Ask, Pose, Unite: Scaling Data Acquisition for Close Interactions with Vision Language Models
Laura Bravo-Sánchez, Jaewoo Heo, Zhenzhen Weng, Kuan-Chieh Wang, Serena Yeung-Levy
TL;DR
This work tackles data scarcity for close human interactions in Human Mesh Estimation by using LVLMs to annotate contact maps and guide test-time mesh optimization, generating the Ask Pose Unite (APU) dataset of 6209 image–mesh pairs. The authors introduce a scalable data-generation pipeline that uses LVLM outputs, 2D keypoints, and chirality cues to construct pseudo-ground-truth SMPL-XA meshes via a two-stage constrained optimization, then train a diffusion-based contact prior on FlickrCI3D, CHI3D, Hi4D, and the APU data for robust inference. A case study on NTU RGB+D 120 shows that this in-domain data improves the contact-prior representation, yielding higher accuracy especially for uncommon interactions and reducing sensitivity to contact-map errors. By providing the APU dataset, a full datasheet, and LVLM prompts, the paper offers a practical, scalable path to richer 3D understanding of close social interactions with broad applicability in social robotics and psychology research.
Abstract
Social dynamics in close human interactions pose significant challenges for Human Mesh Estimation (HME), particularly due to the complexity of physical contacts and the scarcity of training data. Addressing these challenges, we introduce a novel data generation method that utilizes Large Vision Language Models (LVLMs) to annotate contact maps which guide test-time optimization to produce paired image and pseudo-ground truth meshes.

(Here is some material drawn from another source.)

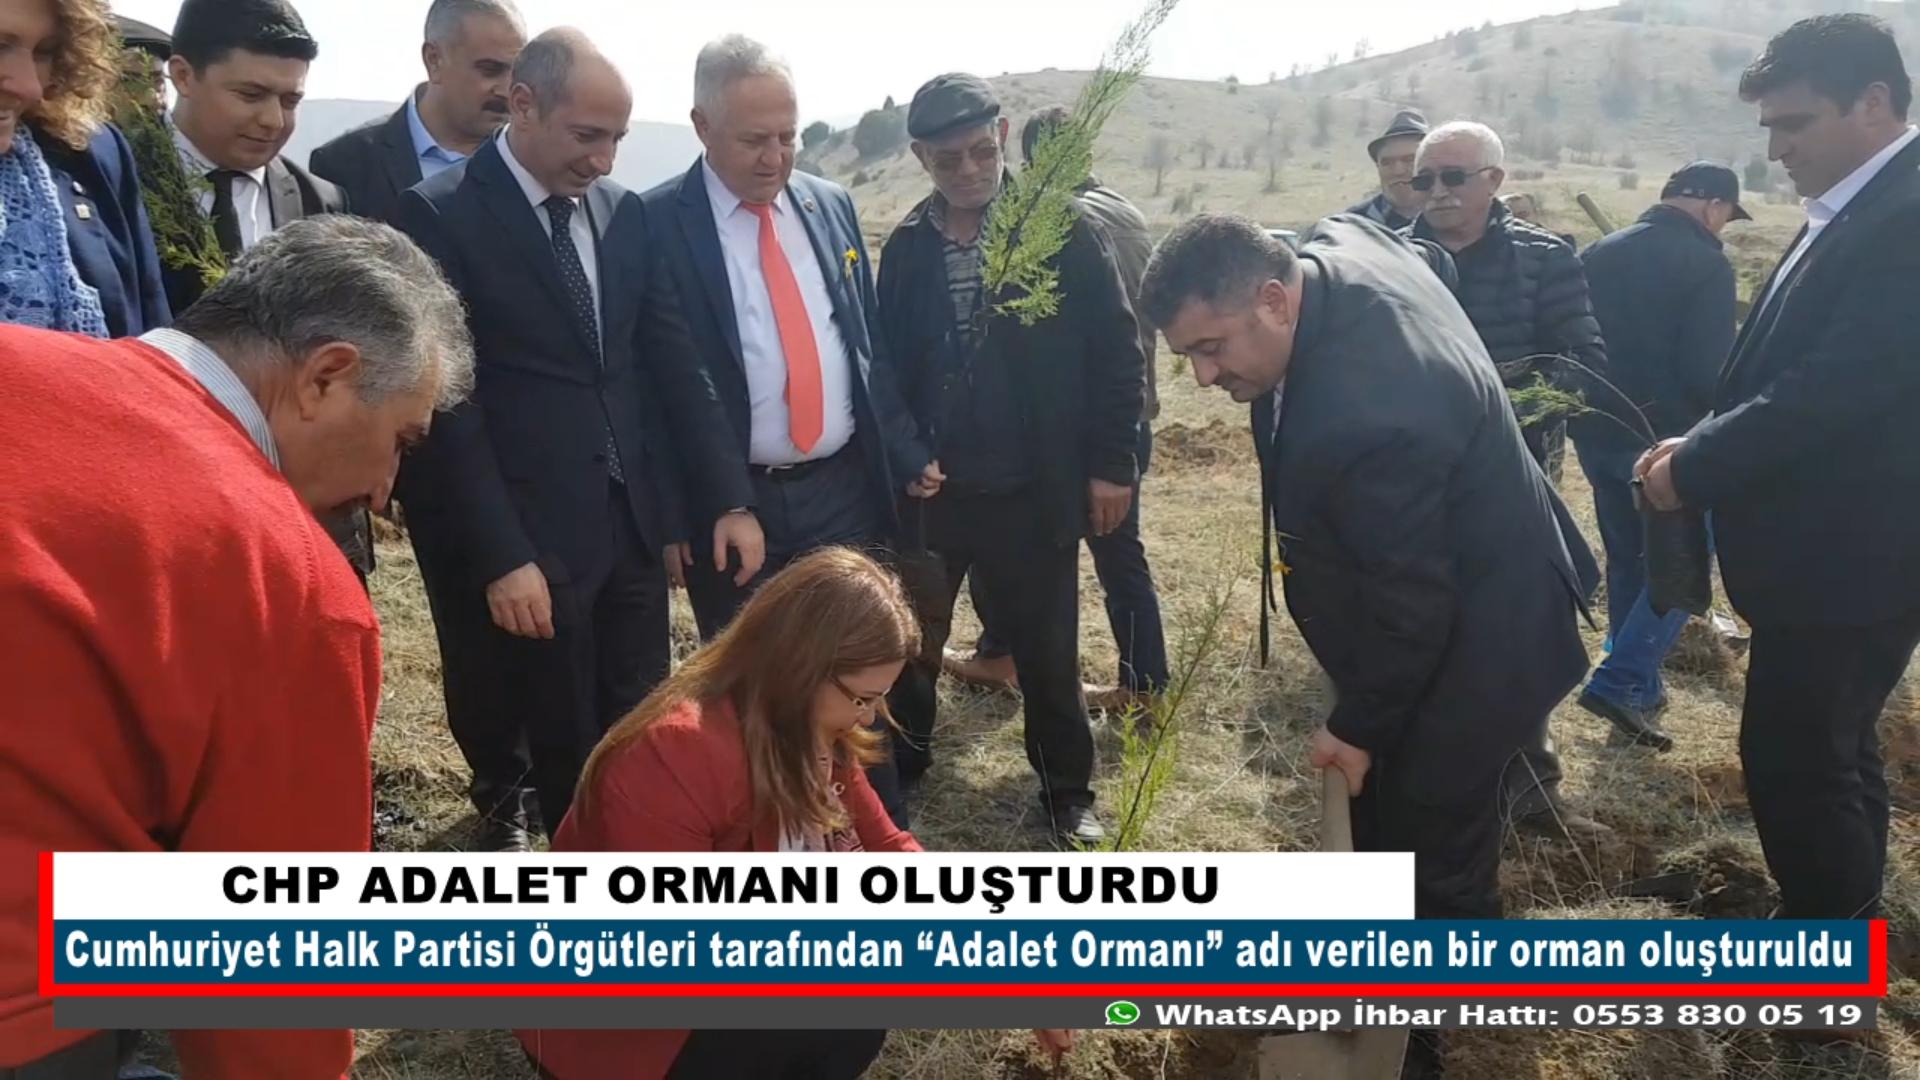 CHP ADALET ORMANI OLUŞTURDU

This methodology not only alleviates the annotation burden but also enables the assembly of a comprehensive dataset specifically tailored for close interactions in HME. Our Ask Pose Unite (APU) dataset, comprising over 6.2k human mesh pairs in contact covering diverse interaction types, is curated from images depicting naturalistic person-to-person scenes. We empirically show that using our dataset to train a diffusion-based contact prior, used as guidance during optimization, improves mesh estimation on unseen interactions. Our work addresses longstanding challenges of data scarcity for close interactions in HME enhancing the field's capabilities of handling complex interaction scenarios.